# 04 dodge ram 1500 after filling up



## getsum (Jan 7, 2011)

iv got a 04 ram 1500 5.7 that stalls after new gas is put in... done dry gas, ran a tank of premium.. not sure what it is. it stalls (unless i keep the rpm's up) once in the first few min after. it only does it once. it runs perfect after..  any ideas??


----------



## huskerfan523 (Apr 22, 2010)

Hmm no personal experience, but might be fuel filter? That's where I would start. Weird.


----------



## getsum (Jan 7, 2011)

it is wierd. only stalls out once. runs perfect after. it only wants to stall for the first maby 3min after filling.... starts right back up... im stumped


----------



## damian (Jan 29, 2009)

ive got two 05 dodge minivans that do exactly the same thing,after running low and topping right off,they either stall at the pump or go about 1/2 mi and stumble then clear up.no check engine light,no stored codes. i havent gotten around to diaging them yet but when i do i suspect an evap problem probably a purge valve or canister issue,mabe something with the leak detection pump system.when i find the answer ill let you know.my wifes caravan has beed doing it for a year and mine just started a month ago.


----------



## getsum (Jan 7, 2011)

damian;1192042 said:


> ive got two 05 dodge minivans that do exactly the same thing,after running low and topping right off,they either stall at the pump or go about 1/2 mi and stumble then clear up.no check engine light,no stored codes. i havent gotten around to diaging them yet but when i do i suspect an evap problem probably a purge valve or canister issue,mabe something with the leak detection pump system.when i find the answer ill let you know.my wifes caravan has beed doing it for a year and mine just started a month ago.

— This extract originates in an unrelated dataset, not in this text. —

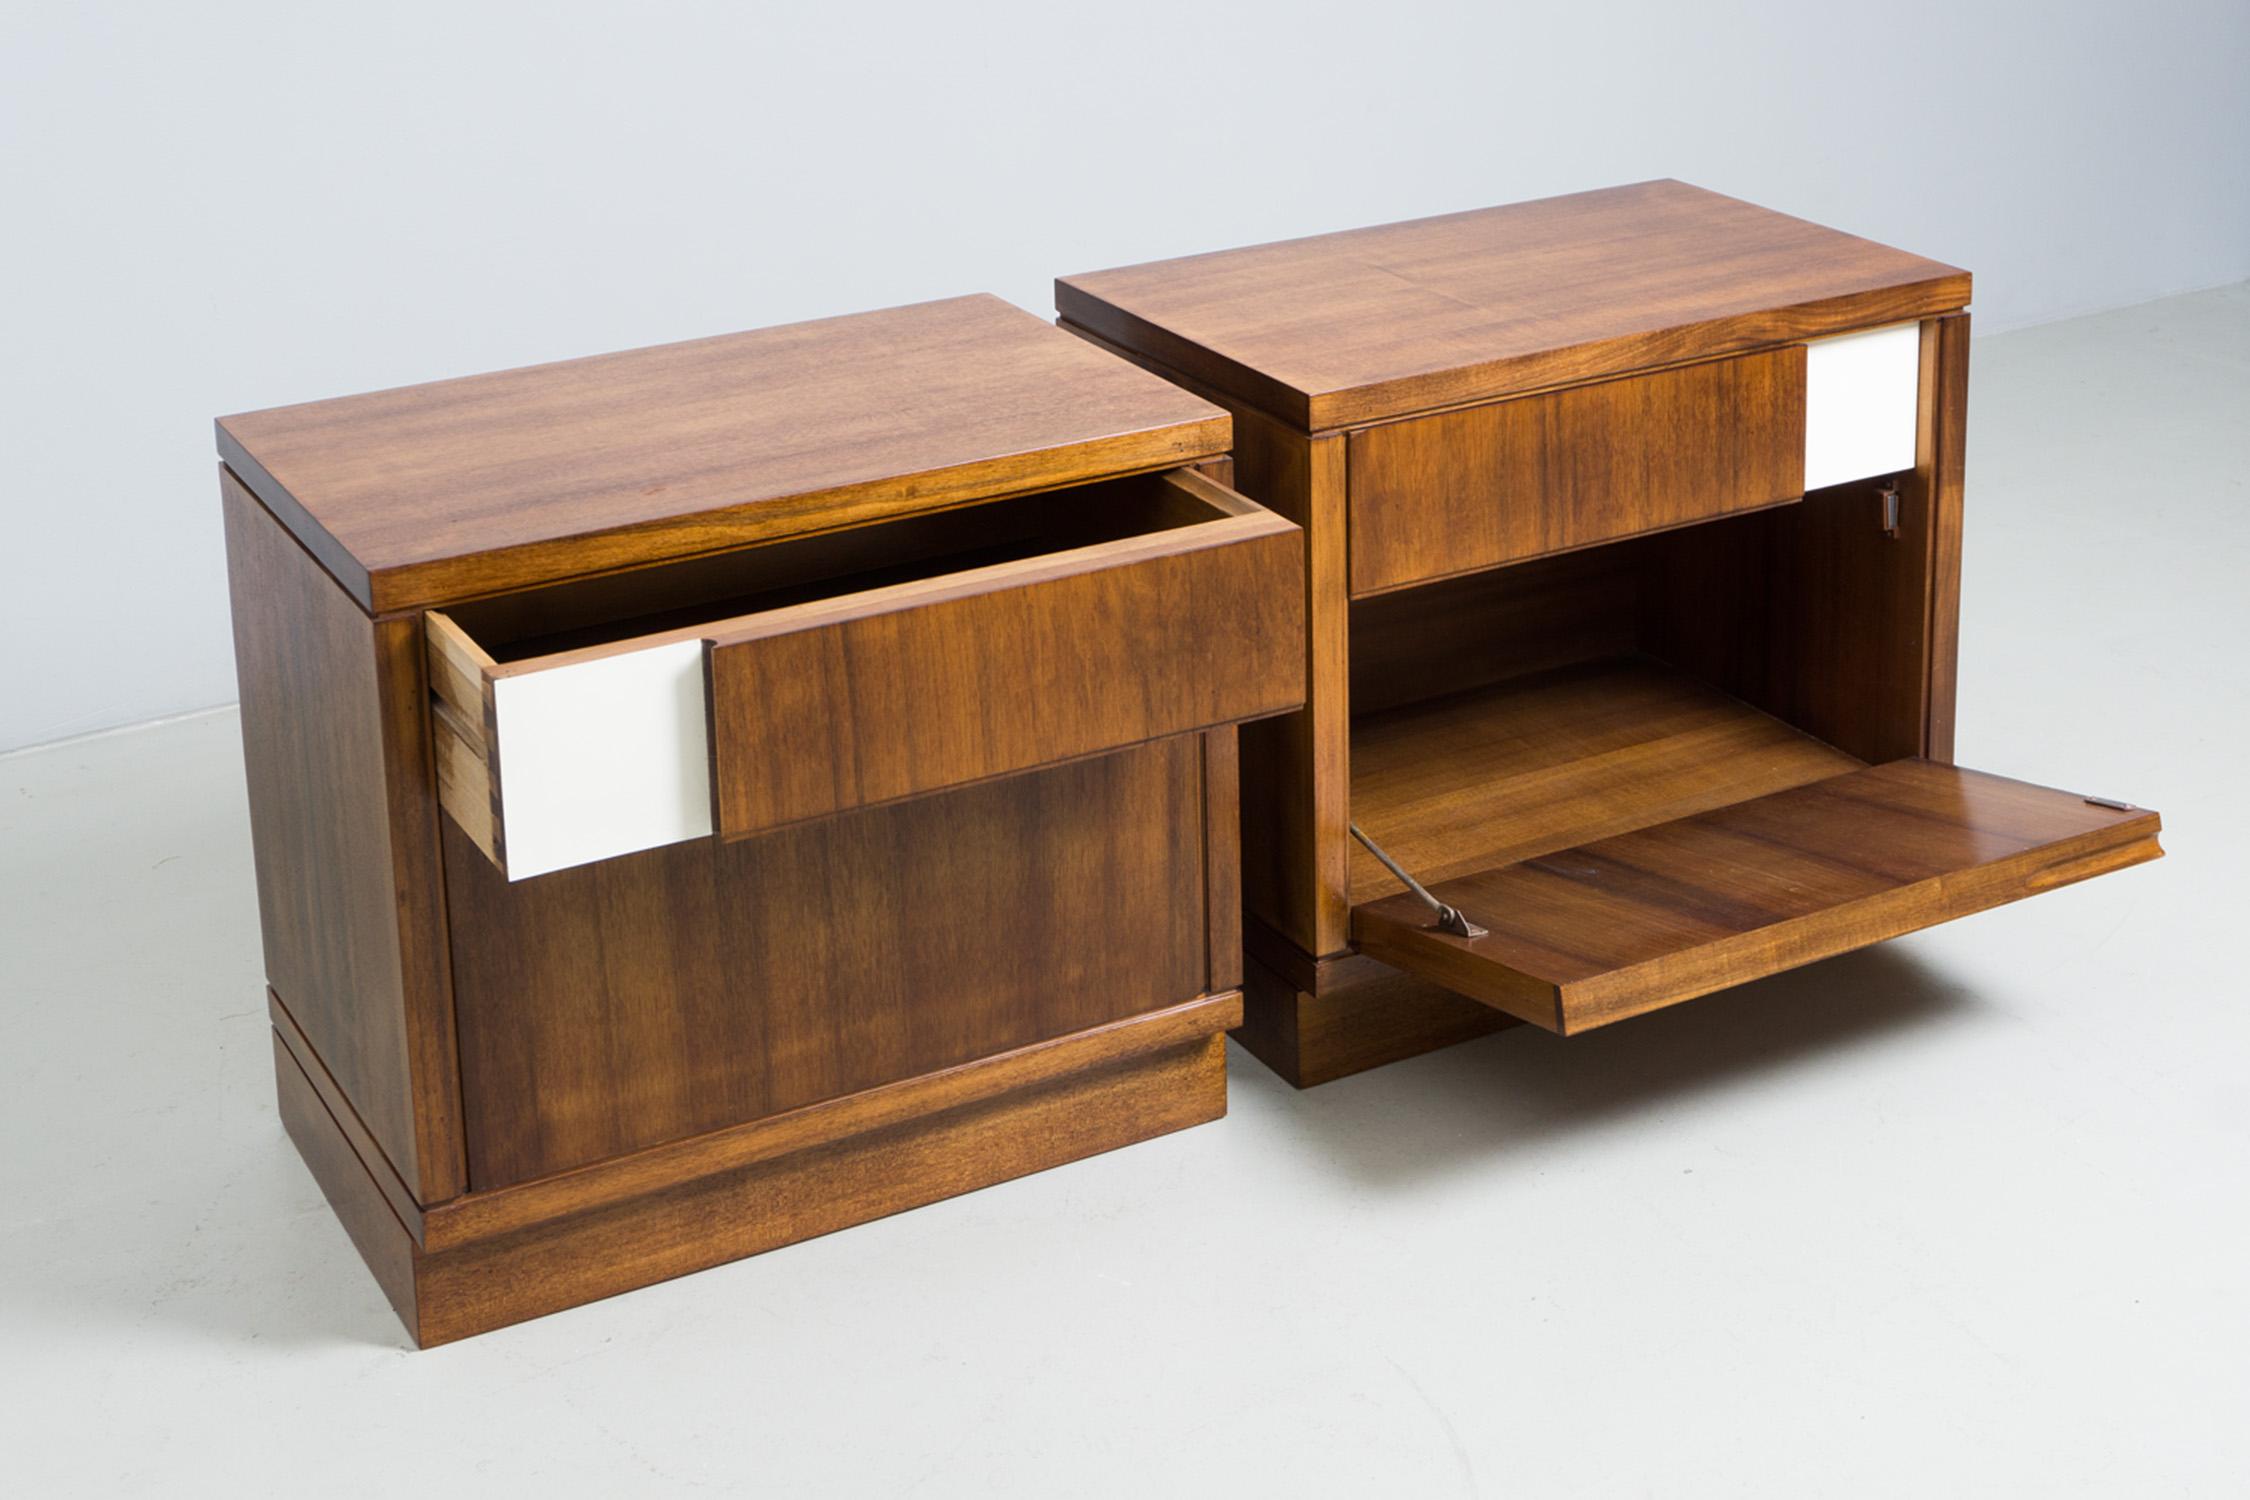 Two night stands made of wood and walnut veneer, with Formica elements in white. Drawer on top and lower compartment with fold out door. Designed by Ico Parisi. Manufactured by Brugnoli Mobili Cantú.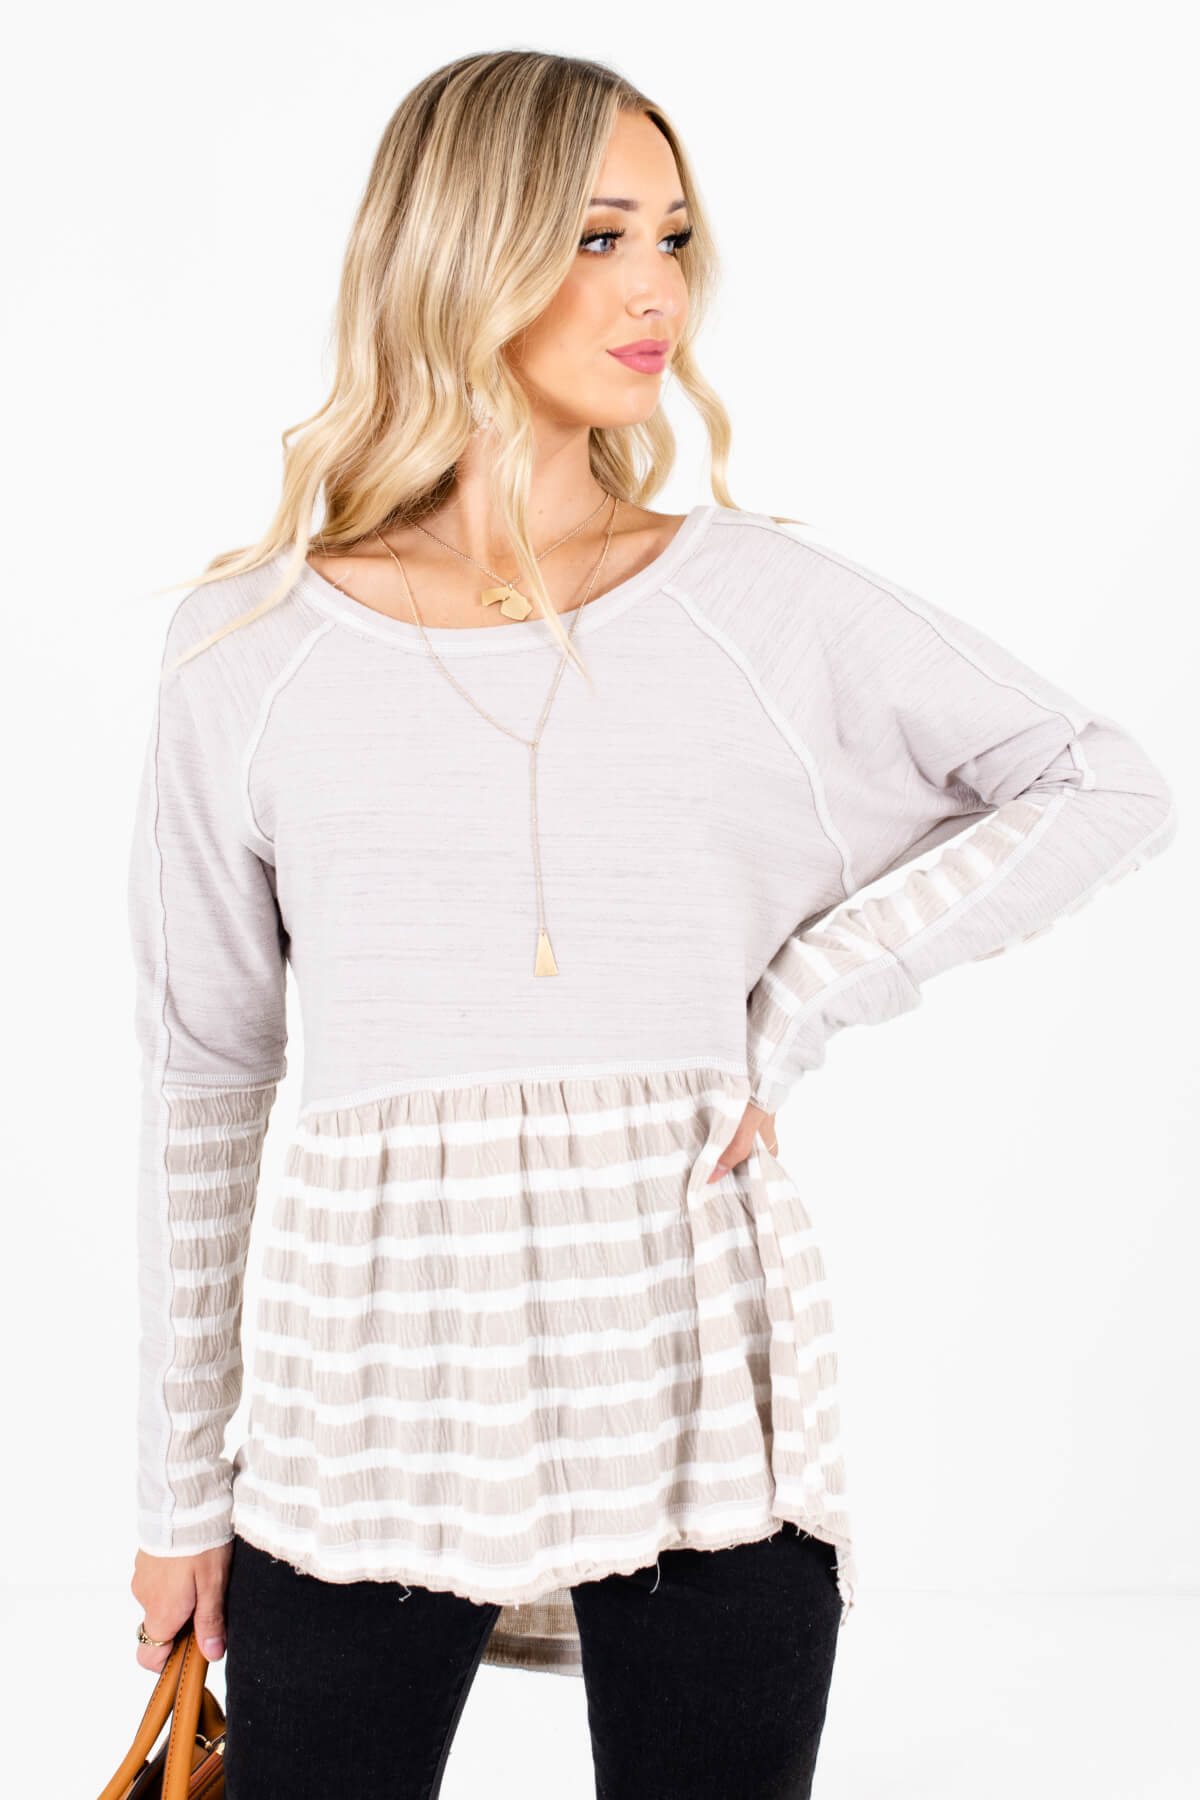 Taupe Brown and White Striped Boutique Tops for Women

hey thanks! ya same here NO codes.. nothin.... almost like it was maid to do it hahahaha


----------



## 2robinhood (Apr 28, 2010)

If you fill it up with the truck running does it stall ?


----------



## getsum (Jan 7, 2011)

2robinhood;1198313 said:


> If you fill it up with the truck running does it stall ?


iv tried both. it does it if i fill up when its running and if its off and i fill up when i go to take off or to a stop sign it dies.... wieeerd


----------



## DAFFMOBILEWASH (Dec 9, 2006)

Fill up the truck and run the tank to low... Shut the truck off and R & R the fuel cap. Then try to restart the engine. If it stalls then it is a venting issue... Try first replacing the gas cap.


----------



## 2robinhood (Apr 28, 2010)

DAFFMOBILEWASH;1198876 said:


> Fill up the truck and run the tank to low... Shut the truck off and R & R the fuel cap. Then try to restart the engine. If it stalls then it is a venting issue... Try first replacing the gas cap.


You are a smart cookie.


----------



## Shortstuff (Feb 4, 2009)

That would be my first guess too - a new gas cap. I just replaced mine on my '04 2500 with a Hemi and it cost me $17.00 at the dealership. I have to recommend that you only use a replacement gas cap from the dealership as I have known more than a few that have continued to have issues until they replaced their cap with one from the dealership.


----------



## damian (Jan 29, 2009)

its not the gas cap,it stalls while filling,gas cap off.im pretty sure it has something to do with gas bleeding through the nvld valve -the valve used to pull a vac on the tank and check evap leaks.this system is common and unique to mopars.i suspect when the fuel is overfilled up to the filler neck, the port in the tank that leads to the nvld pump takes a slug of gas and introduces it to the intake.when i get some time ill check it out and report.


----------